Abstract

Taking the cancer stem cell gamble with cytotoxic metal complexes

Department of Chemistry, King’s College London

Cancer stem cells (CSCs) are a distinct population of tumour cells that have the ability to self-renew, differentiate, and form metastatic tumours.¹ CSCs effectively evade conventional chemotherapy and radiotherapy as these treatments specifically target fast growing cancer cells, and CSCs, due to their stem cell-like properties, divide more slowly.² After surviving treatment, CSCs are able to regenerate the original tumour and/or produce invasive cancer cells that are able to colonise distant organs.  For these reasons, CSCs are widely thought to be responsible for cancer relapse. Therefore, to provide a durable response and prevent tumour recurrence, chemotherapeutics must have the ability to remove the entire population of cancer cells, including CSCs. Therapeutic strategies capable of selectively killing CSCs and disrupting the microenvironments (niches) supporting these cells are the focus of several research programmes.

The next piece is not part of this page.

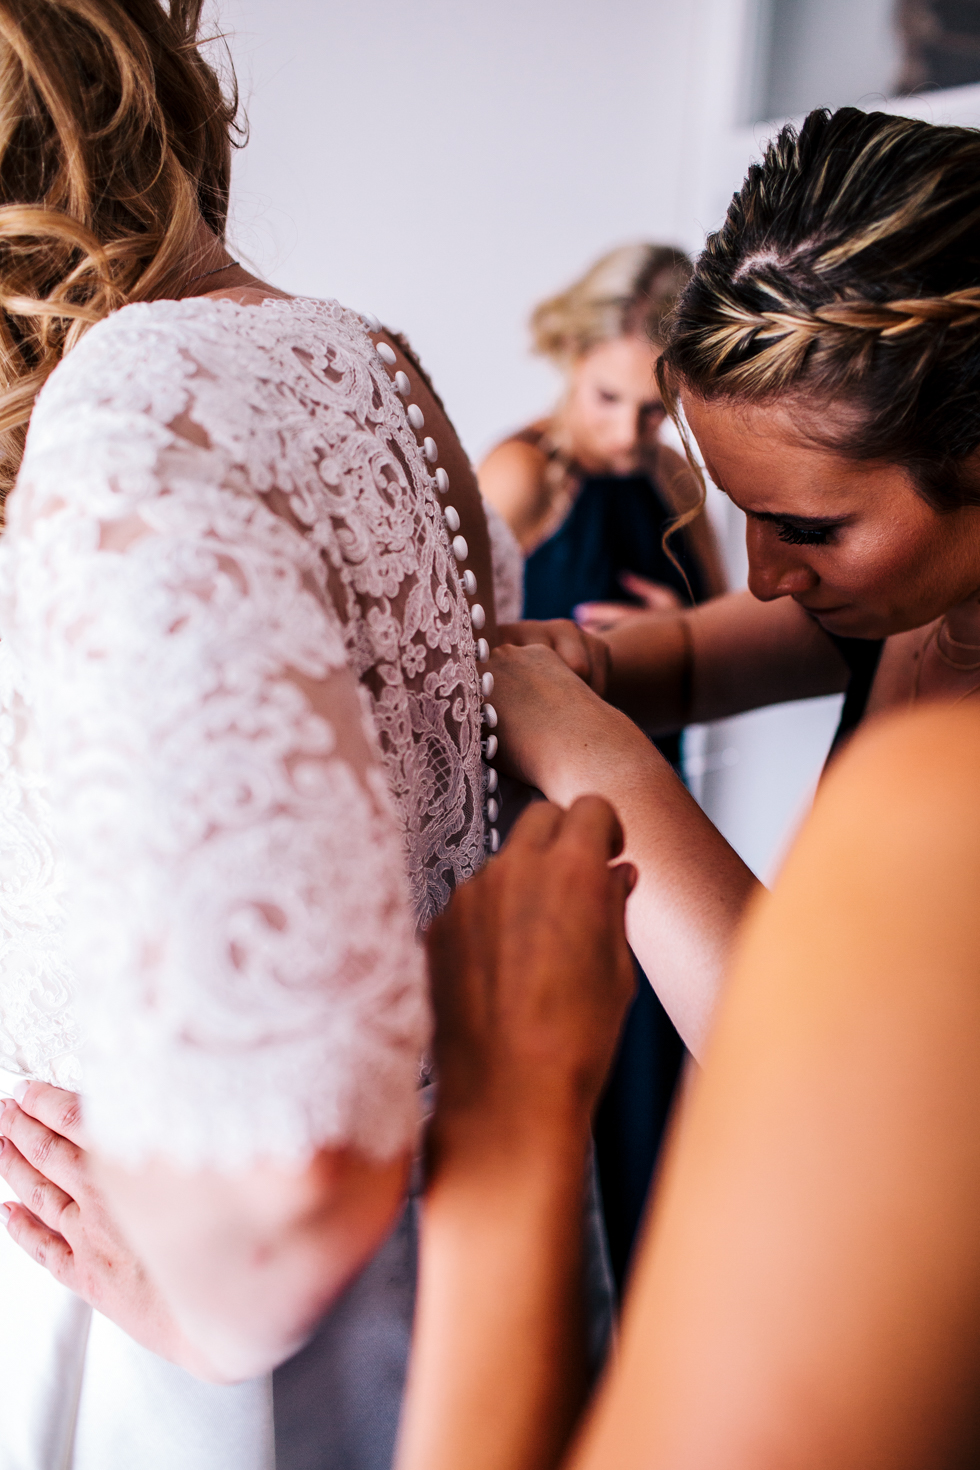 bridesmaids helping with buttons on brides dress

Potential CSC therapeutic targets such as cell surface markers and various deregulated signalling pathways have been identified, but there is still no clinically approved drug that specifically kills CSCs.² Most of the compounds undergoing pre-clinical or clinical investigation as CSC-specific agents are completely organic in nature. Recent work by our group has shown that metal complexes (copper, cobalt, and nickel) are capable of potently and selectivity killing CSCs (over bulk cancer cells).^3a-e Here we present a series of novel copper(II)-phenanthroline complexes bearing nonsteroidal anti-inflammatory drugs or organelle-targeting peptides that can specifically kill CSCs in vitro, and provide insight into their mechanism of action.^4a,b Encapsulation of the former into polymeric nanoparticles with CSC-targeting antibodies and their delivery into CSCs will also be discussed.⁵

References

1. L. V. Nguyen, R. Vanner, P. Dirks and C. J. Eaves, Nat. Rev. Cancer, 2012, 12,133-143.

2. J. Kaiser, Science, 2015, 347, 226-229.

3. (a) P.B. Cressey, A. Eskandari, P.M. Bruno, C. Lu, M.T. Hemann, K. Suntharalingam, ChemBioChem, 2016, 17 (18), 1713-1718. (b) P.B. Cressey, A. Eskandari, K. Suntharalingam, Inorganics, 2017, 5(1), 12. (c) M. Flamme, P.B. Cressey, C. Lu, P.M. Bruno, A. Eskandari, M.T. Hemann, G. Hogarth, K. Suntharalingam, Chem. Eur. J, 2017, 23, 9674-9682. (d) C. Lu, A. Eskandari, P.B. Cressey, K. Suntharalingam, Chem. Eur. J, 2017, 23(47), 11366-11374. (e) C. Lu, K. Laws, A. Eskandari, K. Suntharalingam Dalton Trans., 2017, 46, 12785-12789

4. (a) J. N. Boodram, I. J. McGregor, P. M. Bruno, P. B. Cressey, M. T. Hemann and K. Suntharalingam, Angew. Chem. Int. Ed., 2016, 55, 2845-2850. (b) K. Laws, G. Bineva-Todd, A. Eskandari, C. Lu, N. O’Reilly, K. Suntharalingam, Angew. Chem. Int. Ed., accepted DOI: 10.1002/anie.201710910.

5. A. Eskandari, J.N. Boodram, P.B. Cressey, C. Lu, P.M. Bruno, M. Hemann, K. Suntharalingam, Dalton Trans., 2016, 45 (44), 17867-17873

Brief Bio

Rama received a MSci degree in Chemistry from Imperial College London (UK) in 2008. Rama completed a PhD in Chemistry from Imperial College London (UK) in 2012 under the supervision of Prof. Ramon Vilar. Upon completion of his PhD, Rama joined Prof. Stephen J. Lippard’s research group at Massachusetts Institute of Technology (MA, USA) were he was a Misrock Postdoctoral Fellow (Dept. of Chemistry and Koch Institute of Integrative Cancer Research). Rama began his independent research group at King’s College London in 2014 after the award of a Leverhulme Early Career Fellowship. He was appointed Lecturer in Bioinorganic Chemistry at King’s College London in 2017.